General Obligations Law § 9-103, the so-called recreational use statute, grants immunity from liability for ordinary negligence to landowners who open their land to the public to engage in certain recreational activities. The statute was amended, effective September 1, 1984, to include sledding and tobogganing as activities for which a landowner, including a municipality, owes no duty. The County's argument that the amendment should be given retroactive application is without merit. There is no language in the statute indicating that the amendment should be applied retroactively. The statute is in derogation of the common law and should not be given application beyond the plain meaning of the words used in the statute (see, Sega v. State of New York, 60 N.Y.2d 183, 191; Gruber v. Fairport Cent. School Dist., 147 Misc.2d 545, 547, affd 174 A.D.2d 1021, lv denied 78 N.Y.2d 860, rearg denied 79 N.Y.2d 823). The second affirmative defense was properly dismissed.
Municipalities have a duty to maintain their park and playground facilities in a reasonably safe condition (Solomon v City of New York, 66 N.Y.2d 1026, 1027). "This duty `includes not only physical care of the property but also prevention of ultrahazardous and criminal activity of which it has knowledge'" (Solomon v.
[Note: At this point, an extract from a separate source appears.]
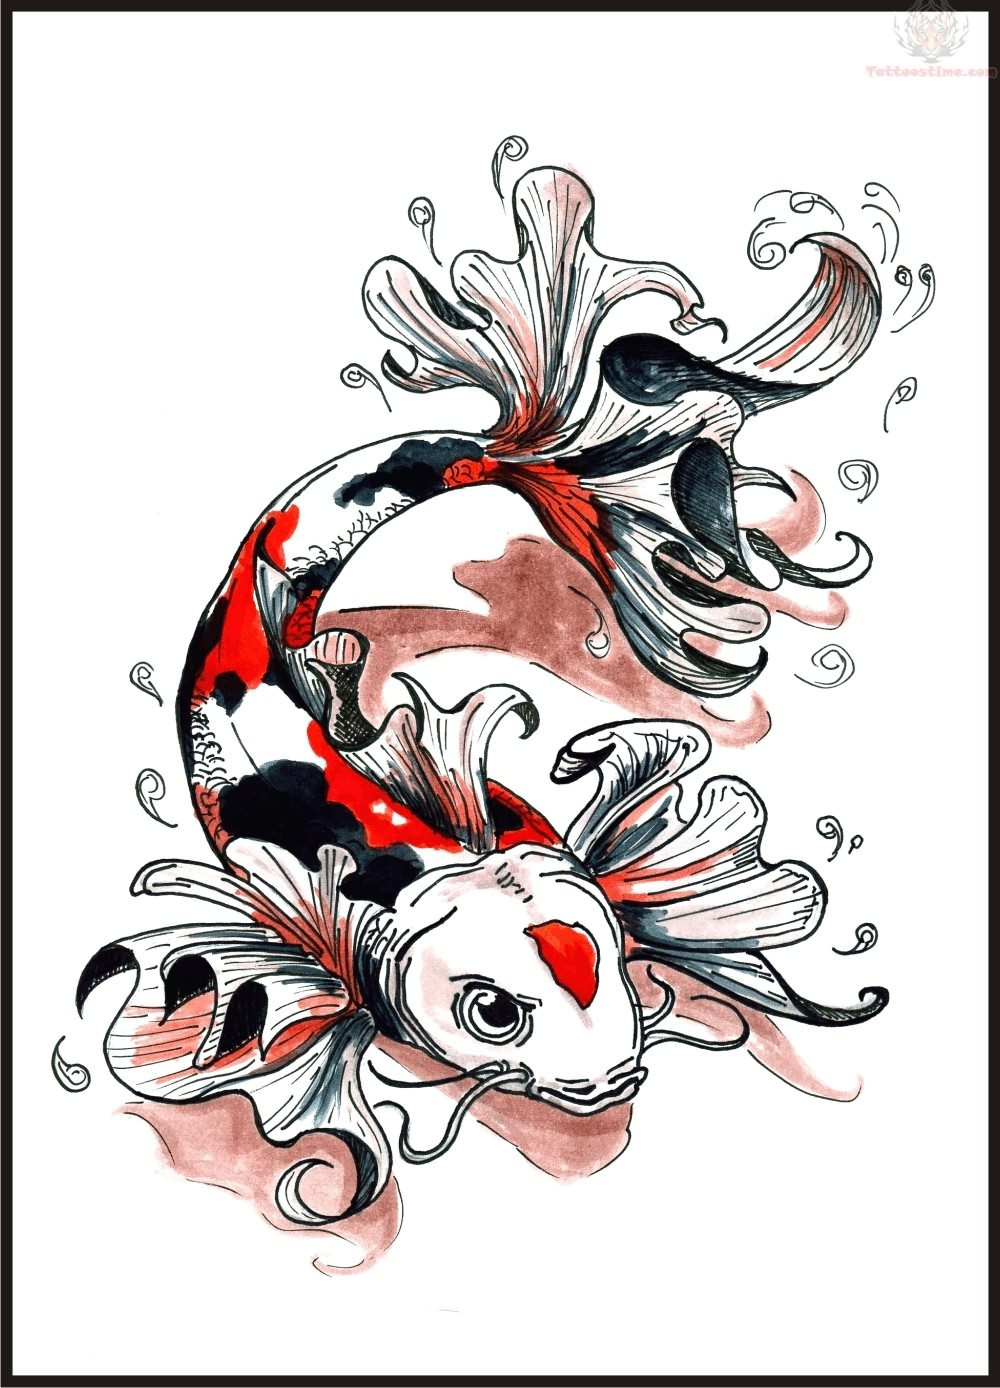 Koi fish tattoo designs for men | Koi Fish Tattoo

City of New York, supra, at 1027, quoting Benjamin v. City of New York, 64 N.Y.2d 44, 46; see also, Adams v. New York City Hous. Auth., 165 A.D.2d 849, lv denied 77 N.Y.2d 803). The County argues that sledding and tobogganing are not illegal or ultrahazardous activities, so the County had no duty to supervise them.
As this Court stated in Noeller v. County of Erie ( 145 A.D.2d 919, 920), "[t]he Court of Appeals has recognized in other circumstances, however, that a municipality has the duty to provide an adequate degree of general supervision." Those circumstances include instances where the municipality "furnishes and invites the public to participate in an activity that may be hazardous unless supervised" (Noeller v. County of Erie, supra, at 920).
Here, the record reveals that Powder Mills Park is open to the public. Another hill in the park was maintained for skiing, and skiing lessons were given there. There was a lodge located near Big Ski Hill. A parking lot was provided at the foot of Big Ski Hill for sledders. Moreover, at least one County employee was present in the area of the park where sledding was occurring. That employee admitted that he had been generally supervising the area to prevent illegal or unsafe behavior and had, in fact, stopped some sledders from engaging in unsafe behavior. Under those circumstances, there are questions of fact whether the County had a duty to maintain the sledding hill in Powder Mills Park in a reasonably safe condition and whether it breached that duty.